Stored data
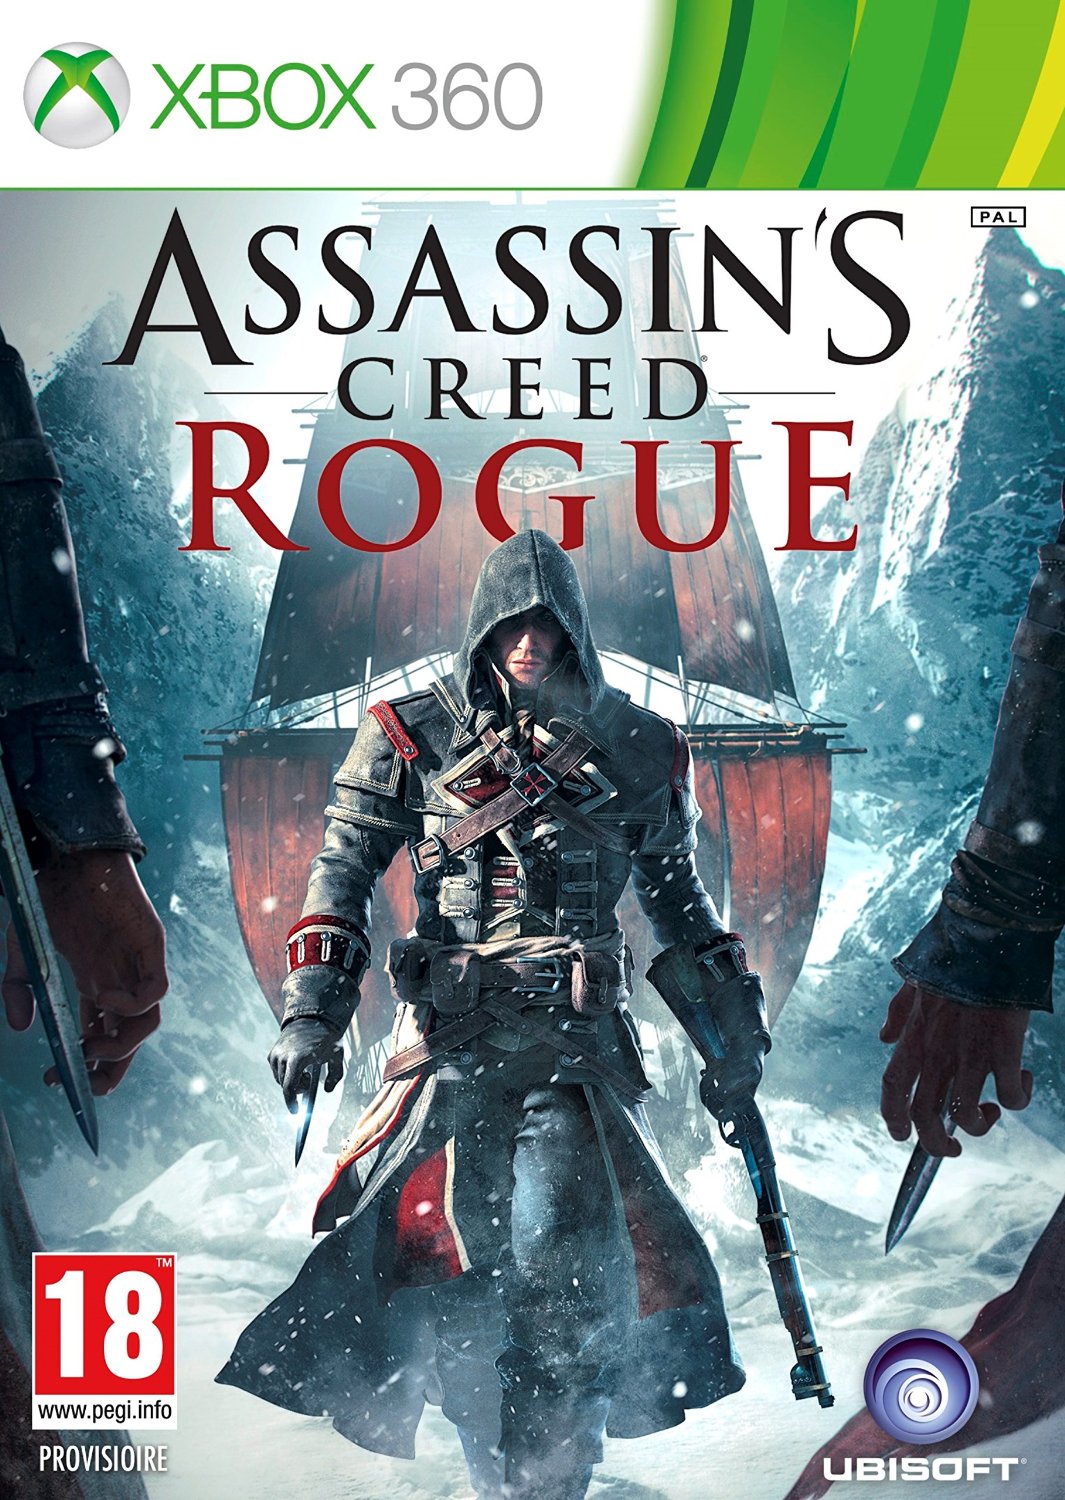 Bote de Assassin's Creed Rogue
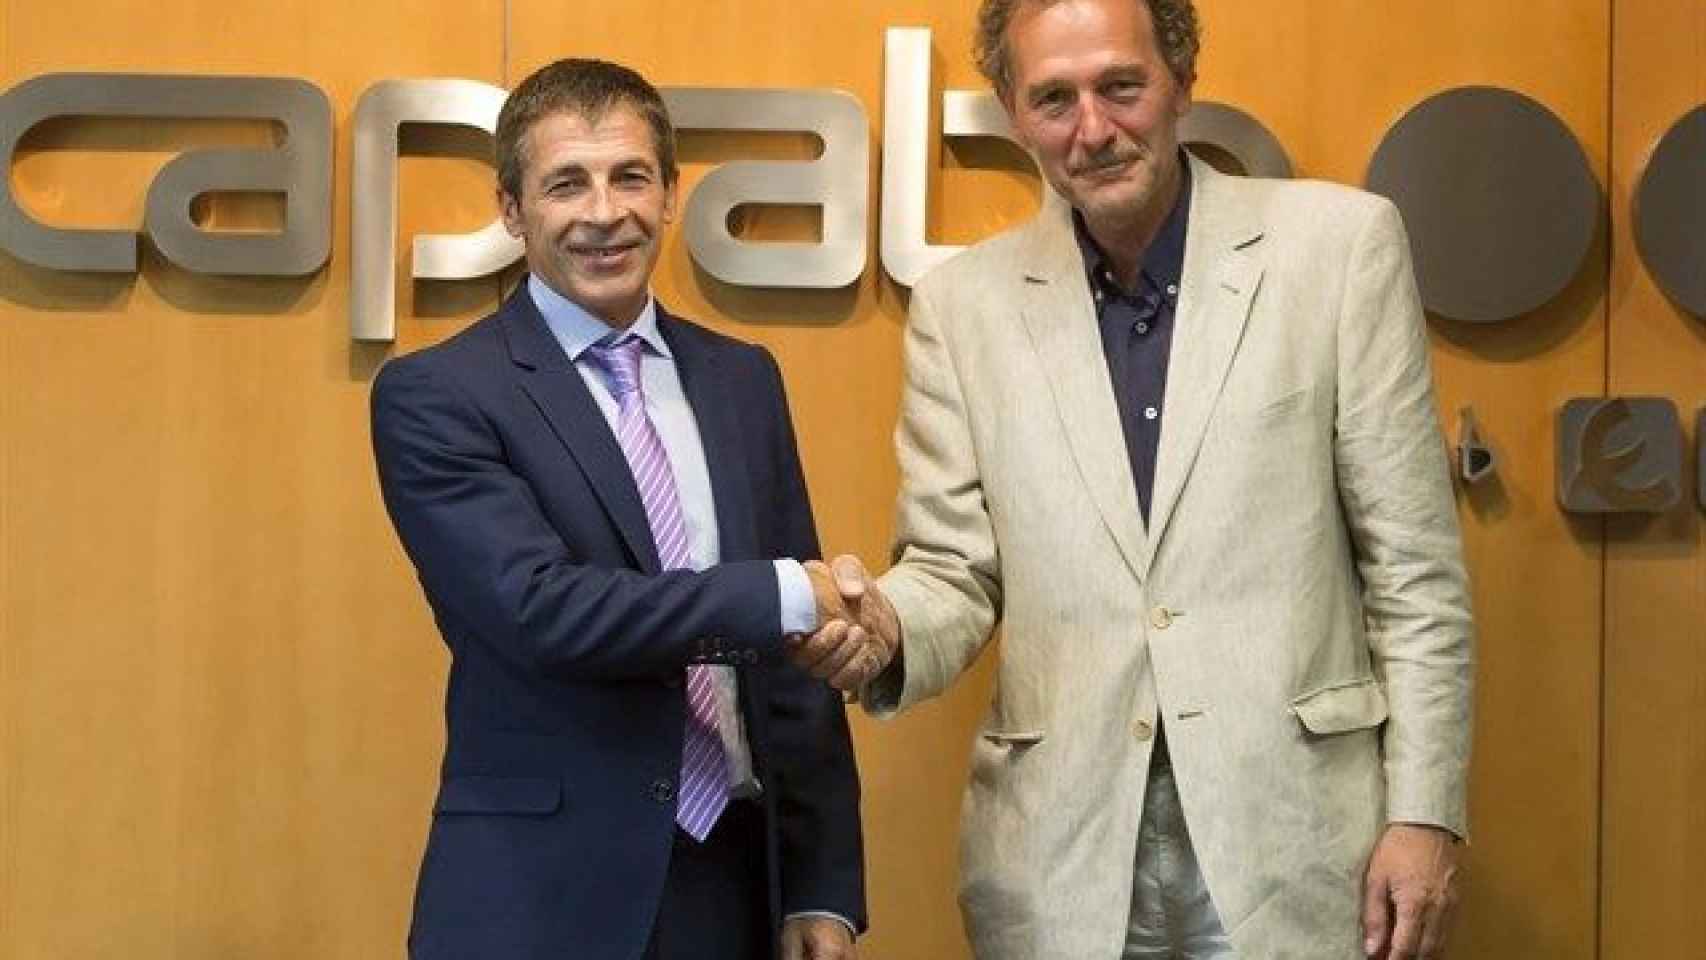 Martín Gandiaga, de Caprabo, y Toni Espinal, de Ampans / EUROPA PRESS
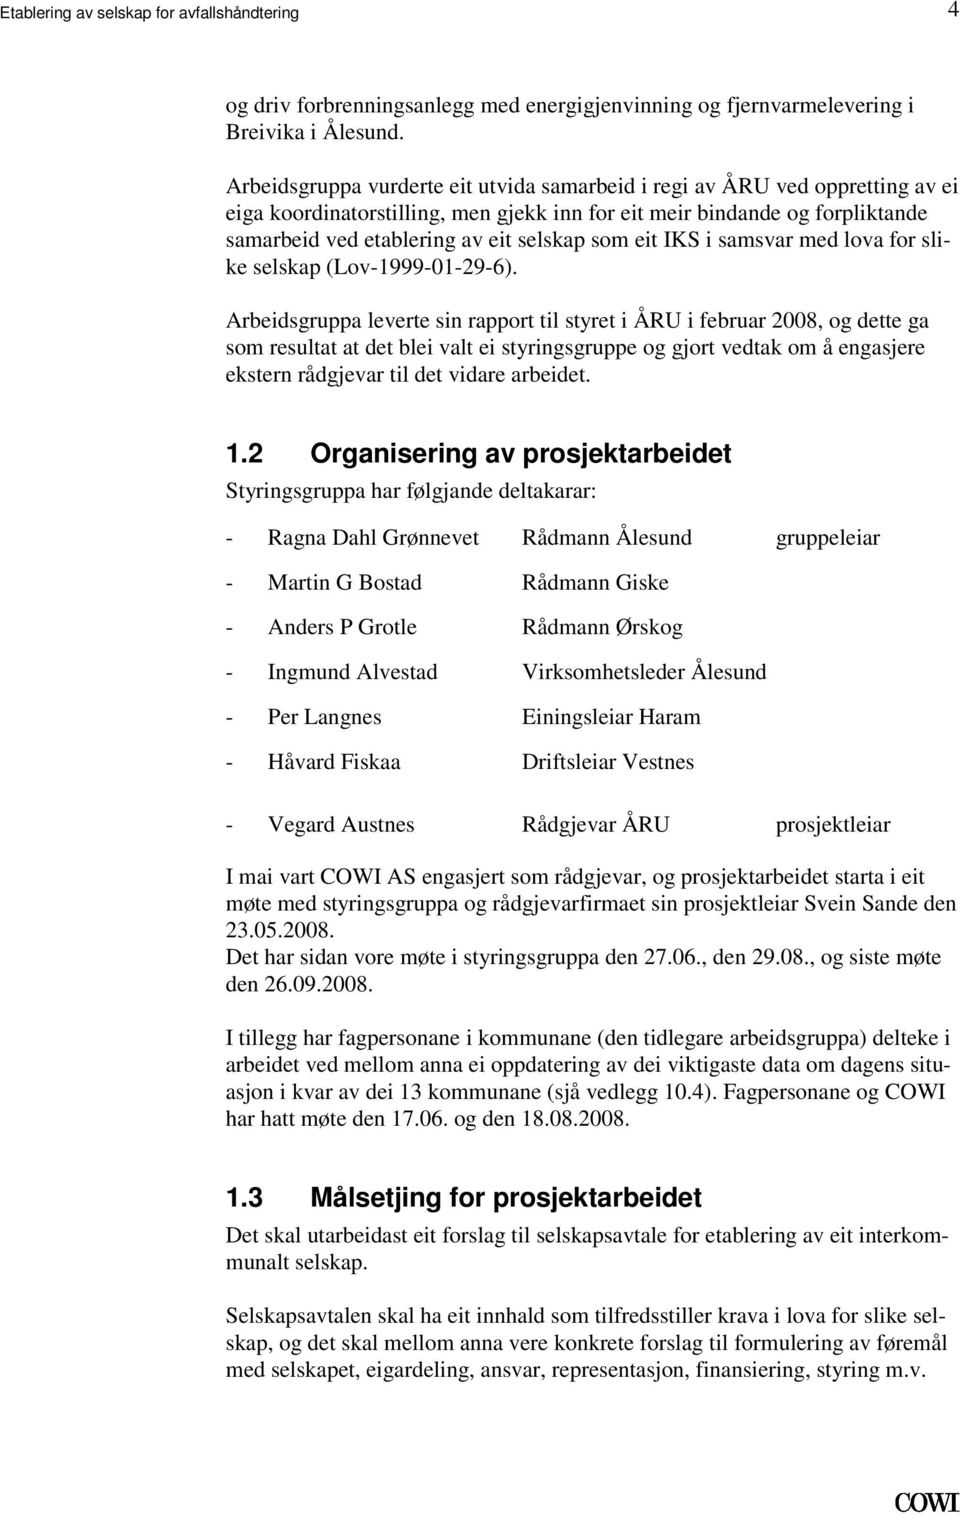 (Lov-1999-01-29-6) Arbeidsgruppa leverte sin rapport til styret i ÅRU i februar 2008, og dette ga som resultat at det blei valt ei styringsgruppe og gjort vedtak om å engasjere ekstern rådgjevar til
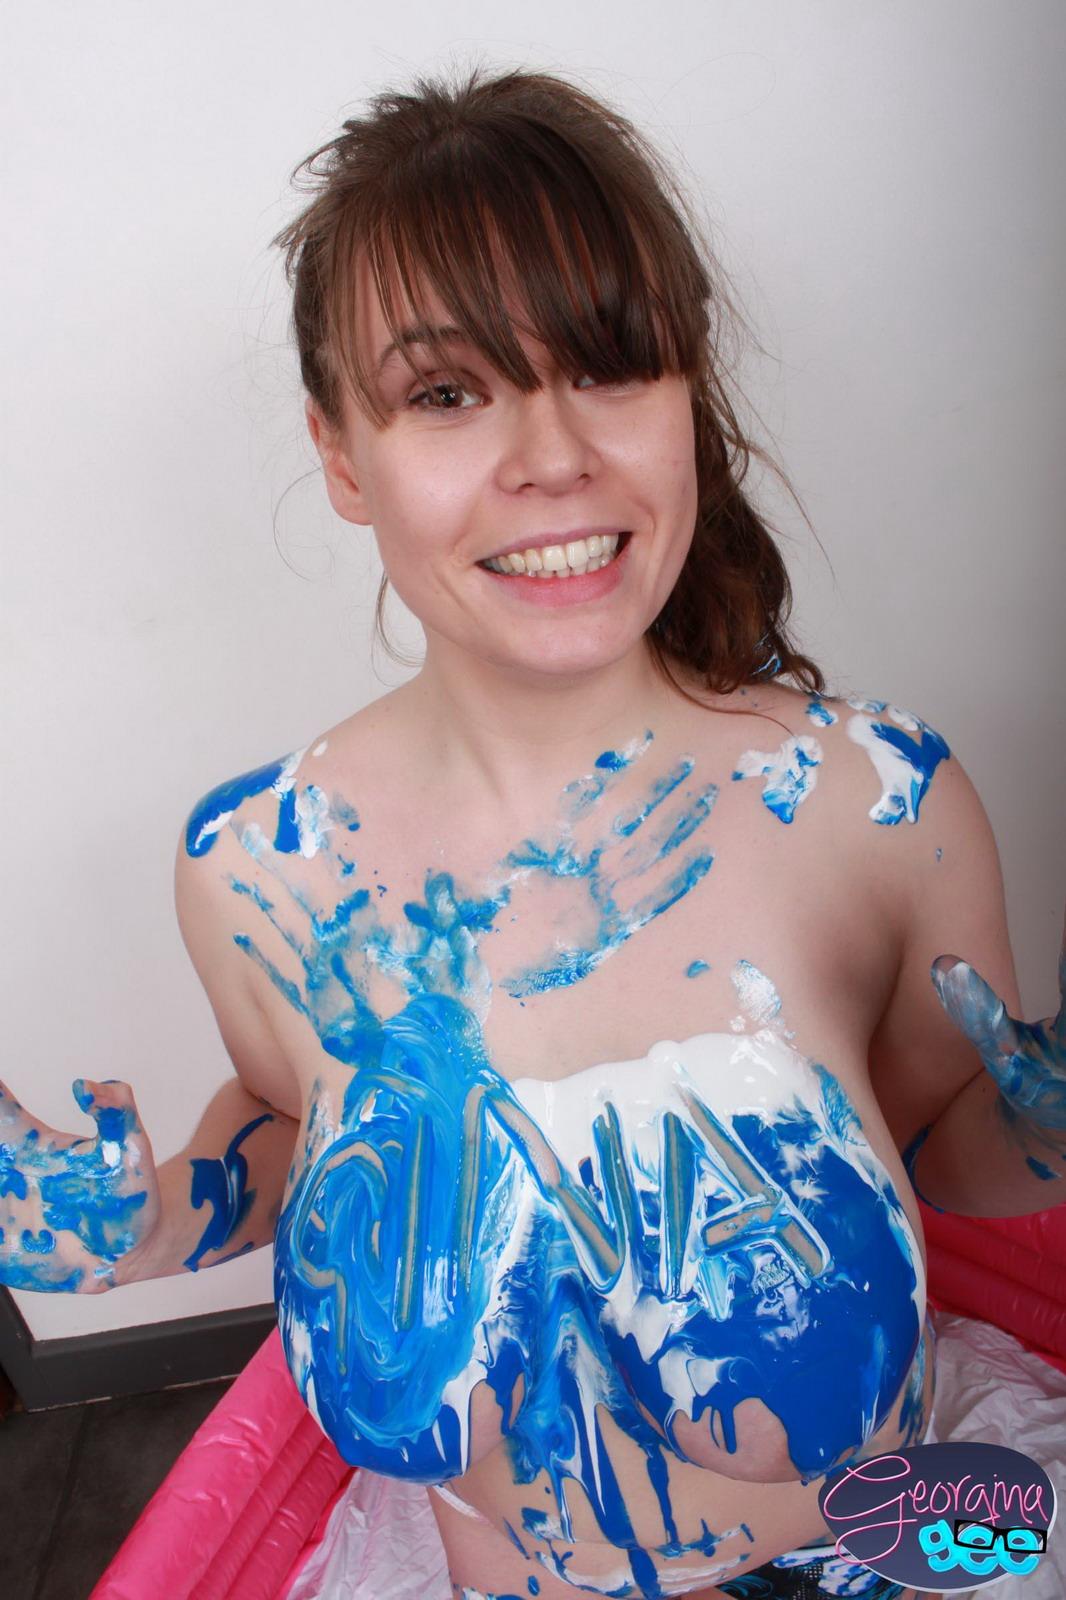 La chica con curvas georgina gee ensucia sus enormes tetas con pintura azul
 #54474077

■ **Exercise details**:
Before copying the data, remove the pictures. Then repeat the rest exactly.

■ **Answer to the problem**:
 Bote de Assassin's Creed Rogue
 Martín Gandiaga, de Caprabo, y Toni Espinal, de Ampans / EUROPA PRESS
 (Lov-1999-01-29-6) Arbeidsgruppa leverte sin rapport til styret i ÅRU i februar 2008, og dette ga som resultat at det blei valt ei styringsgruppe og gjort vedtak om å engasjere ekstern rådgjevar til
 La chica con curvas georgina gee ensucia sus enormes tetas con pintura azul
 #54474077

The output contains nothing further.